Anarchism, Violence, and the Law of Liberty

Over the last few months, there've been some dark and disturbing echoes of the early 1990s. Back then, the political dynamics of American society echoed with the shouting of the Angry White Man. Because people were mad as hell, and weren't going to take it anymore. Mad about what? Well, you name it. They were mad about the Man. They were mad because they felt out of control of their lives. They were mad because things were changing, and they felt that this wasn't their country anymore, and dammit, someone out there was to blame.

That inchoate, formless, aimless rage was mostly directed against the gummint, and was tolerated right up until Timothy McVeigh detonated his van next to the Oklahoma City Federal Building. The bloody reality that the rhetoric created tamped down the hatred for a while...or at least the public acceptance of that form of speech.

Now, many Americans are up in arms about health care auguring in the Union of Soviet American States. There are again twitchings towards force of arms to resist the taking away of our fundamental right to be bankrupted by little Billy's hernia operation. Obama's election really did rile folks up, and the rhetoric on the blogs of America's ultra-conservatives has again become almost indistinguishable from the manifestos written by McVeigh.

Truth be told, the kamikaze attack on the IRS building in Texas and the recent shooting at the Pentagon aren't really Tea Party related. Both attackers were libertarian/anarchist, with a healthy dose of plain ol' disturbed human being thrown into the mix.

The challenge, of course, is that the radical and anarchic individualism that lives deep in the American id can swiftly turn to the use of force to fight the powers that be. It's a classic tool of the anarchist on both left and right, as sabotage and terror are used to undermine the power structures that oppress. You can't build a new world where you're free to do whatever you damn well please without doing some ending-of-the Fight Club destruction, or so the argument goes. Put on your black bandana! pour yourself a Molotov cocktail! You need to blow it all up, tear it all down, and then do a tabula rasa hard restart.

Problem is, this perspective doesn't strike me as truly anarchic. Anarchy is, as I grasp it from my admittedly Jesusy perspective, the radical opposition to human beings having coercive power over other human beings. It stands against both cultural and economic power structures because those power structures are almost invariably used to aggregate power in the hands of a few. It isn't really a particular socio-economic system, because the underlying assumptions of both societies and markets depend on coercive power.

The popular image of the anarchist, which many self-proclaimed anarchists have embraced, is completely at odds with the core ethic of anarchy.

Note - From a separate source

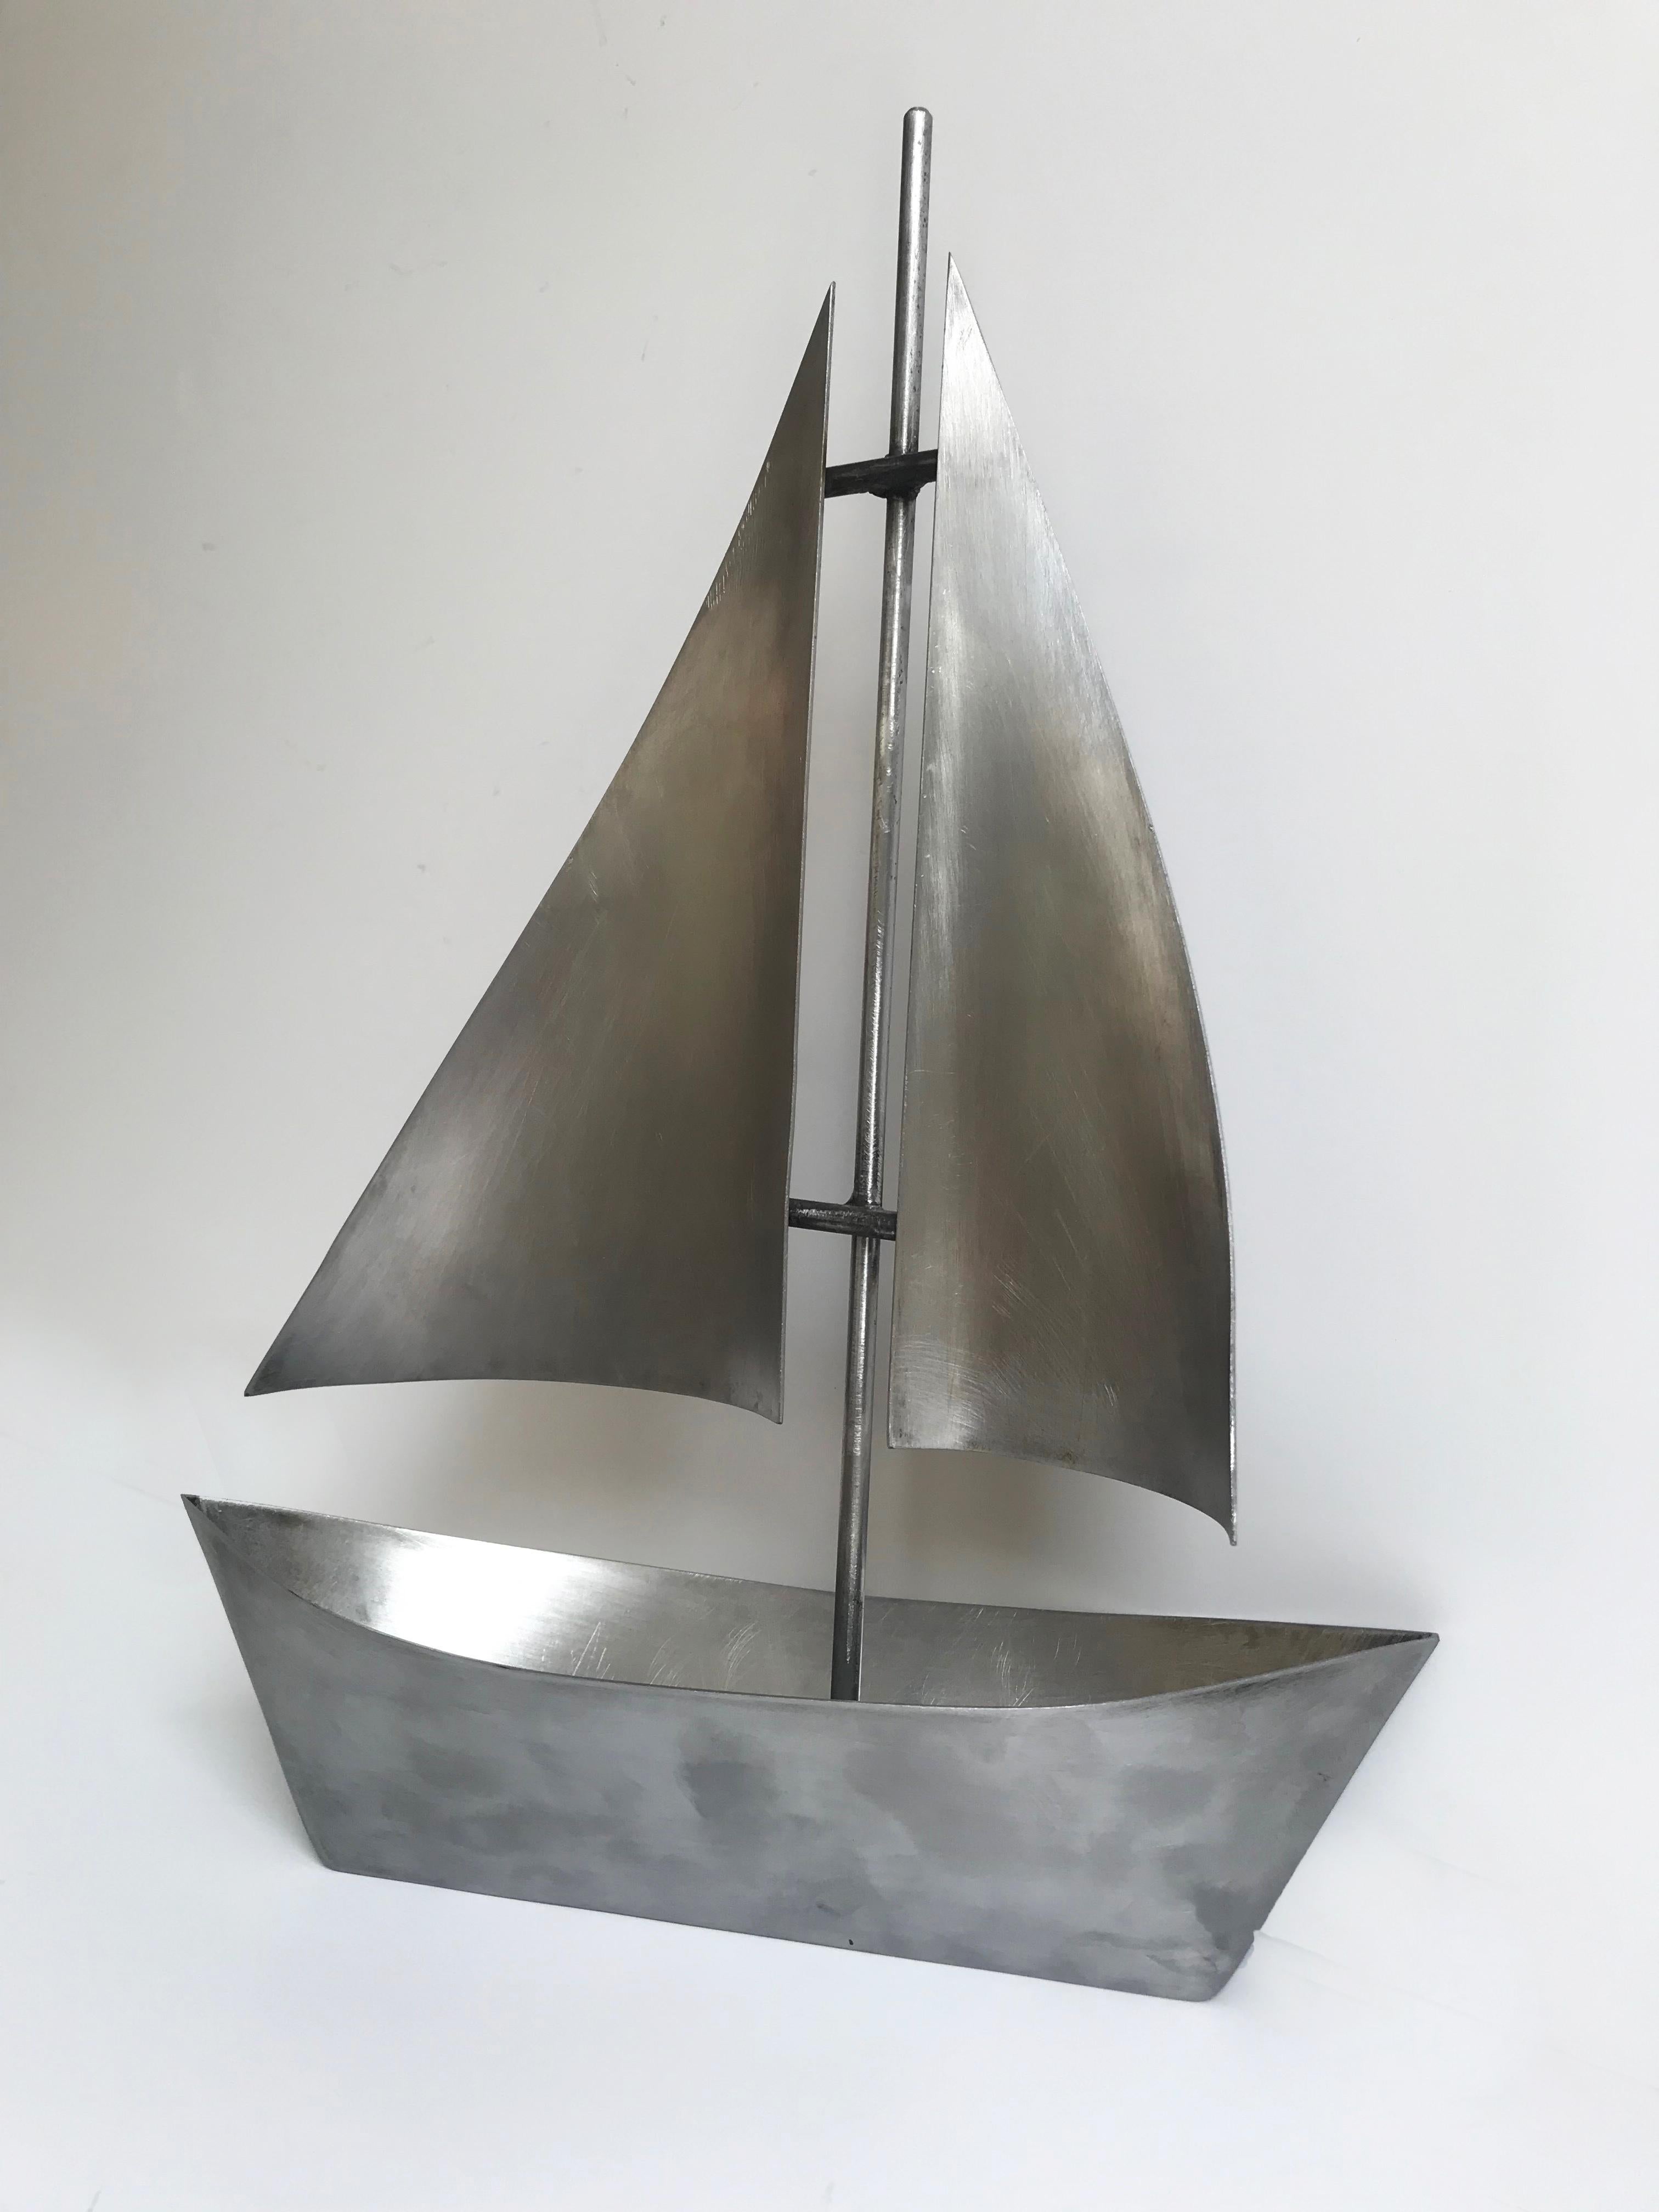 metal boat sculpture

For those who reject the power of government and the market, the use of violence to resist that power means that you have internalized and are acting upon the very ethic of coercive power that you purport to reject. Inflicting harm or the use of violence to bring about a particular end is totally at odds with renouncing power over others.

When an angry soul strikes out against the Fed, or the IRS, or Wall Street, or the Pentagon, they aren't serving the cause of freedom from coercion. They are only showing that they haven't really internalized their resistance to power, and that they don't understand the Law of Liberty.

Which, I suppose, makes the Amish the only true anarchists. Or perhaps the Shakers.